Where a picture occurs in the data, omit it, and copy all remaining data exactly.

> [INFORMATION SHOWN]:

◆ ◆ ◆ ◆ ◆ ◆ ◆

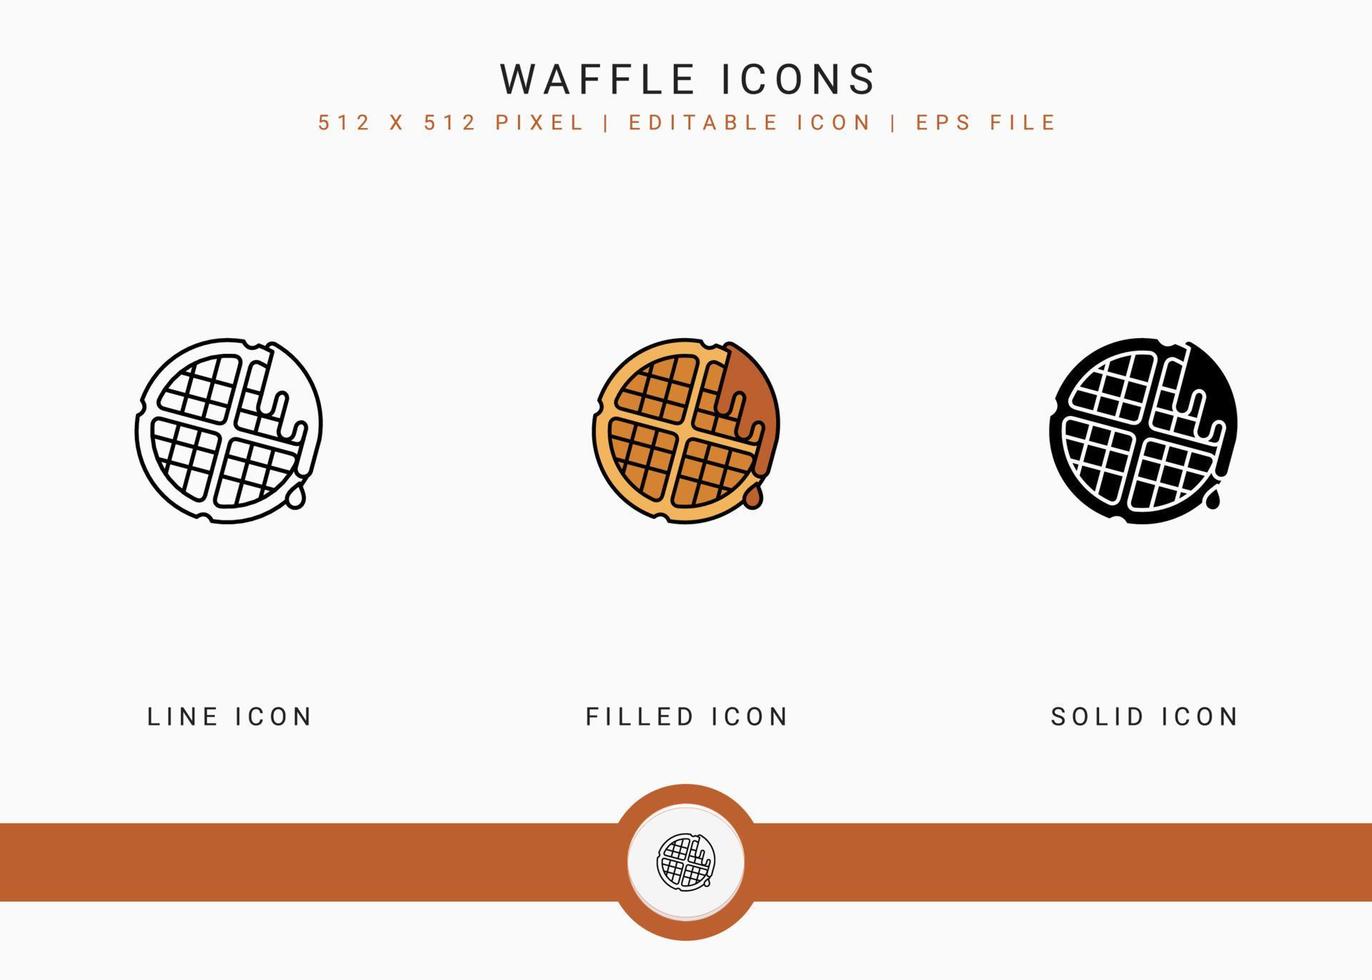 Waffle icons set vector illustration with solid icon line style. Cookie bake cake concept. Editable stroke icon on isolated background for web design, user interface, and mobile app
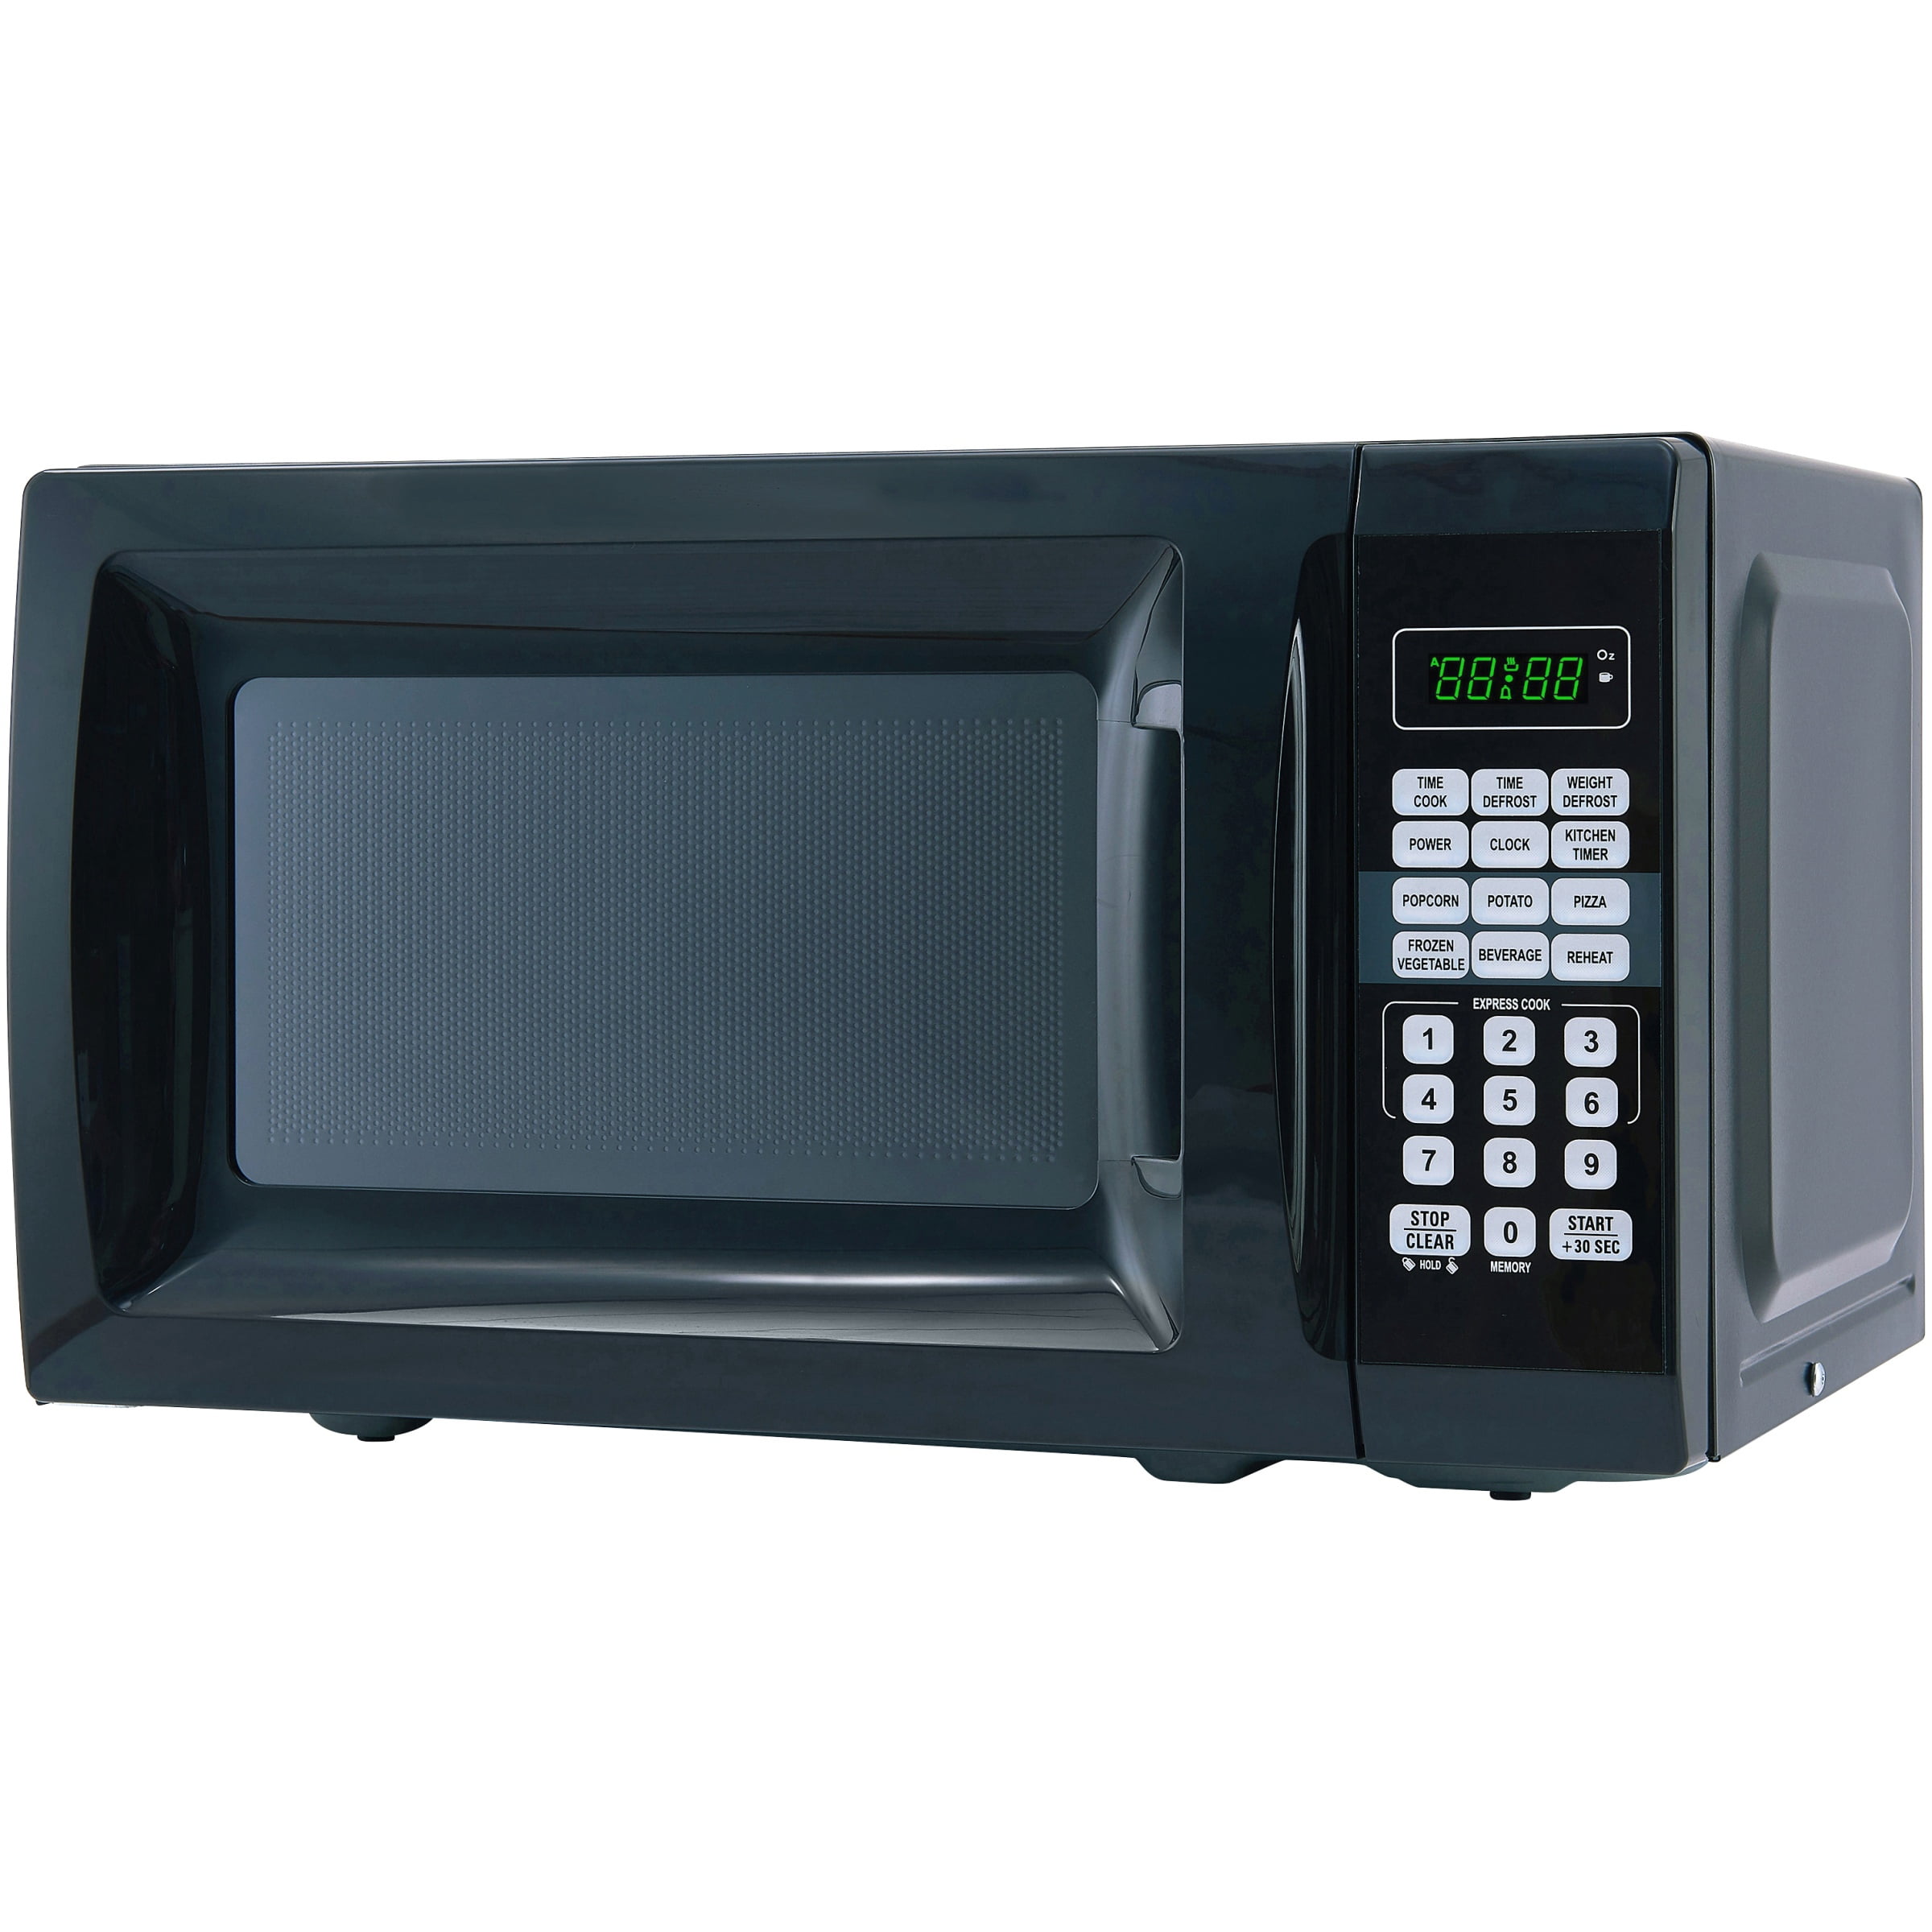 Mainstays 0.7 Cu ft Compact Countertop Microwave Oven, Black for Sale in  North Las Vegas, NV - OfferUp
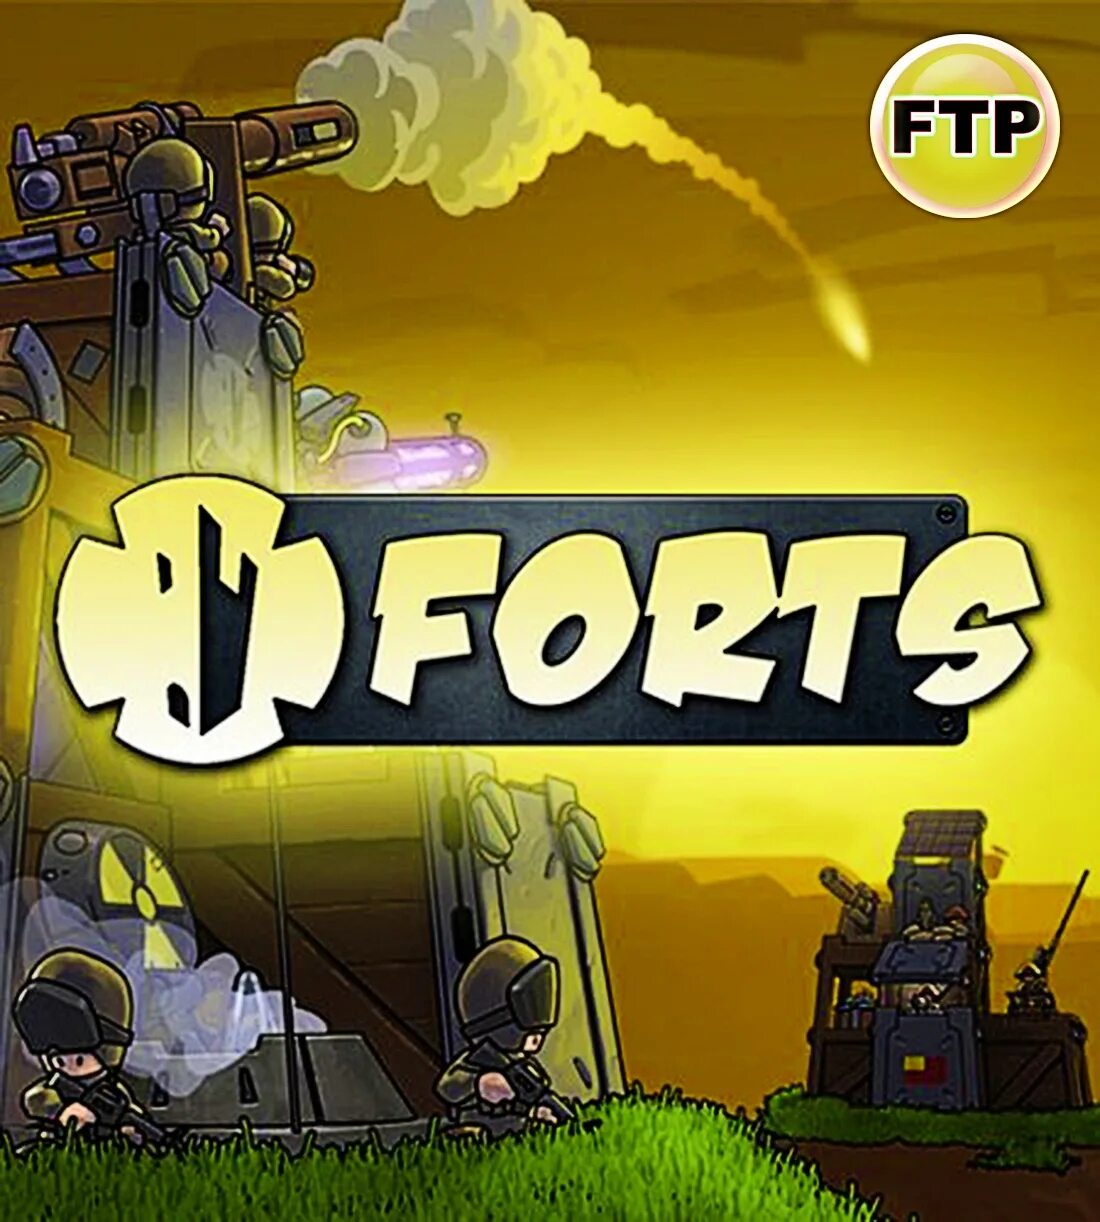 Game fort. Фортс игра. Fortress (игра). Фортс картинки. Forts Steam.

◆ ◆ ◆ ◆ ◆ ◆ ◆

> [RESPONSE BELOW]:
 Waffle icons set vector illustration with solid icon line style. Cookie bake cake concept. Editable stroke icon on isolated background for web design, user interface, and mobile app
 Mainstays 0.7 Cu ft Compact Countertop Microwave Oven, Black for Sale in  North Las Vegas, NV - OfferUp
 Game fort. Фортс игра. Fortress (игра). Фортс картинки. Forts Steam.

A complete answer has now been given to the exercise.